Step 4: From Binary Numbers to Digital Logic

Okay, so now that we're familiar with the binary representation of decimal numbers we can communicate the intensity values we want to the WS2811 LED driver IC.  Since the values go from 0 to 255 for each LED, we will need 8 positions (called bits in digital logic) to cover the entire range—255 is 11111111 in binary.  And, we'll need 24 bits to transmit the values for all 3 LEDs inside each WS2812.  But how exactly can we tell the WS2811 that we want a 0 or a 1.  Well, it turns out that we need to manipulate the timing of a square wave signal to do this.

DisclaimerThere is a small variation of the timing described below depending whether you're using an actual WS2811 IC, or the embedded version inside the WS2812/WS2812B.  The numbers used below correspond to the latter case (WS2812/WS2812B).  If you're using the WS2811 IC then consult the datasheet for the slightly different numbers (other than that, everything else described below is the same).

Principle of operation
The WS2811 expects two things:
1)  A pulse (i.e., rectangular) wave signal with a frequency around 800KHz—other frequencies work as well, but we'll stick to 800KHz in this tutorial—that sets the intensity values in an internal shift register.  Let's note however, that the WS2811 behaves differently than a standard shift register in that the data are shifted in a First-In Last-Out fashion. 
2)  After the data are shifted into place, the WS2811 expects a low signal lasting at least 50μs in order to latch the data to their respective outputs.

Shifting the data
Those unfamiliar with the term 'pulse wave' might have heard of its special case: the square wave.  These type of non-sinusoidal signals consist of an alternating amplitude between a fixed maximum and a fixed minimum at a constant frequency.  When the alternation occurs symmetrically, that is, when the time during which the signal has a maximum value is identical to the time during which the signal has a minimum value, then we have the special case of a square wave.  At around 800KHz, each period of the pulse wave is around 1.25μs long (1/1.25μs = 800KHz).  For communicating with the WS2811 we need to adjust the time during which the signal is either high or low in order to signal a 0 or a 1.  There's a mistake in the datasheet from WorldSemi, so the real values should be (credit to the folks over at Adafruit for catching this):

Transmitting a 1:
Time for the signal to remain high (T1H): 0.8μs
Time for the signal to remain low (T1L): 0.45μs

Transmitting a 0:
Time for the signal to remain high (T0H): 0.4μs
Time for the signal to remain low (T0L): 0.85μs

Latching the data
After sending all the bits corresponding to the intensity values of all the LEDs that we want to control, then we need simply hold the value of the pulse wave at its minimum value for at least 50μs.

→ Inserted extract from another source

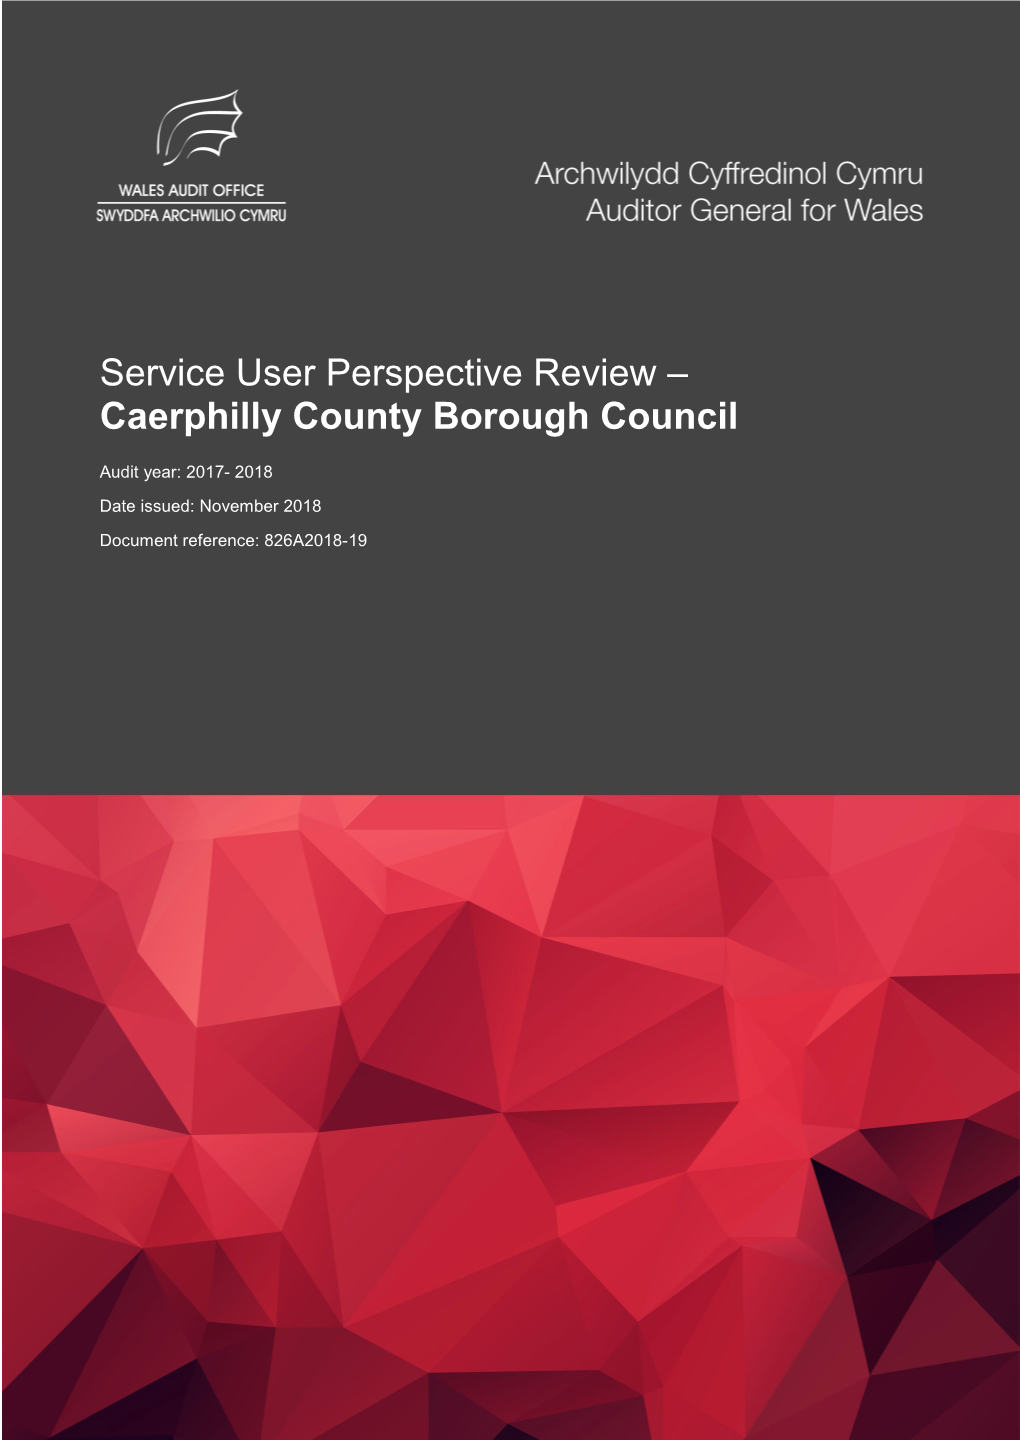 Caerphilly County Borough Council – Service User Perspective Review
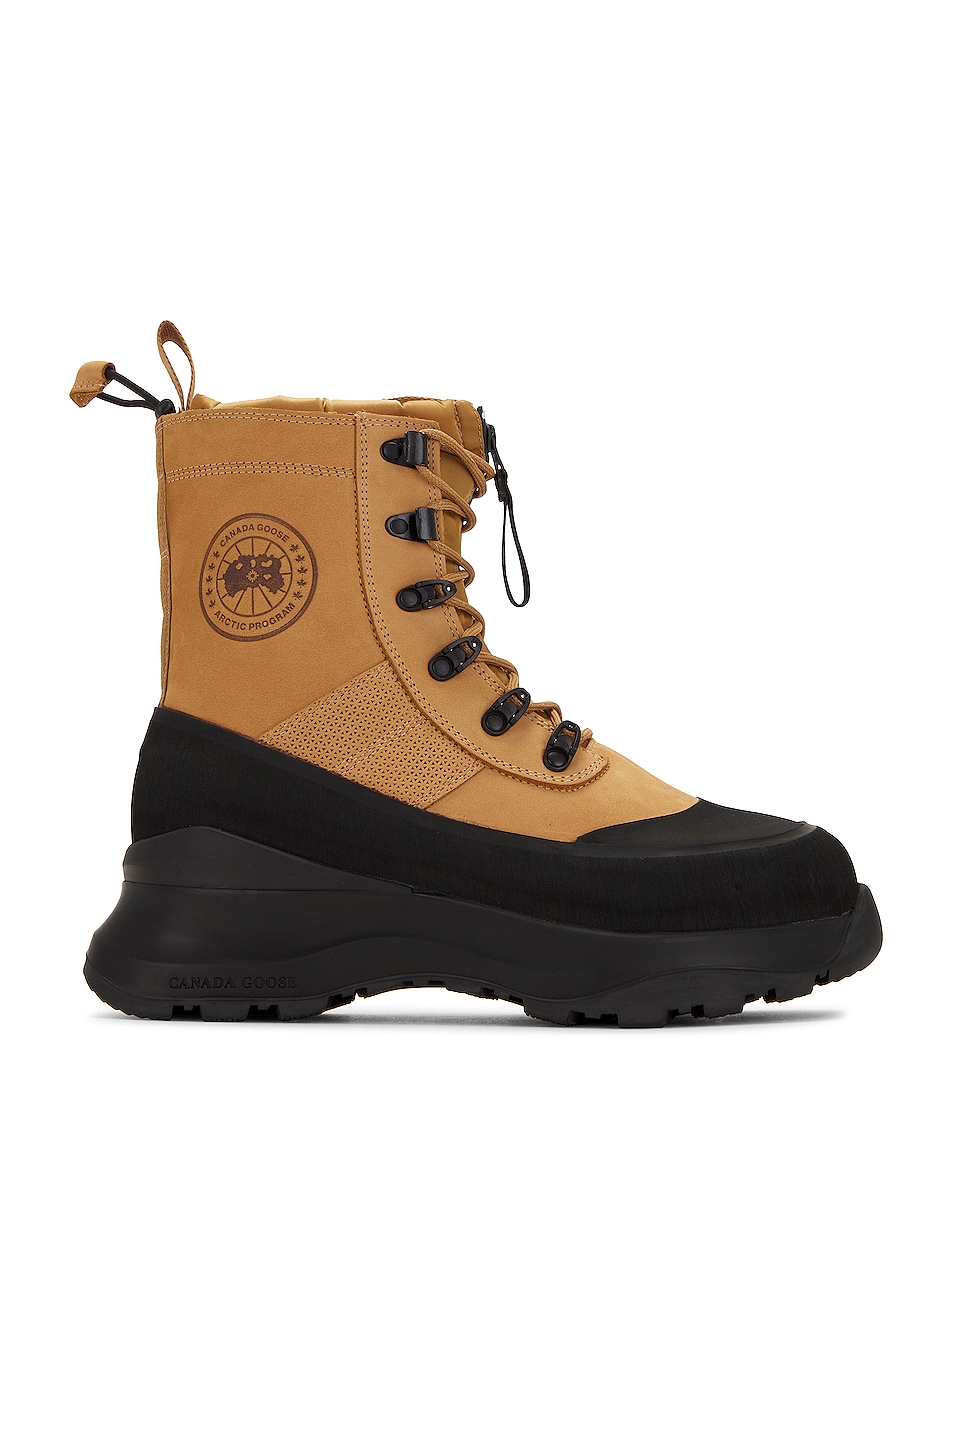 Image 1 of Canada Goose Armstrong Boot in Tundra Clay & Black

Transmitting a 'latch command':
Time for the signal to remain low (TL): >=50μs

This type of signal has the special properties of being self-clocked, and non-zero return (NZR).  So, what remains is to see how we can set our ATMega328p to produce a precisely timed signal so that we can transmitting to the array of WS2812 RGB LEDs.  [Spoiler alert!]  We'll be using the bitbanging technique.

Step 5: Bitbanging a Pulse Wave on an ATMega328p Microcontroller

One of the advantages of using a microcontroller as opposed to, say a computer's CPU, is that we have a very tight control over the timing of the instructions we program into it.  In fact, to show how precise that control can be, we'll be using assembly instructions instead of the typical high-level functions such as digitalWrite.  The use of assembly allows us to know exactly how many clock cycles are taken up during the execution of each instruction.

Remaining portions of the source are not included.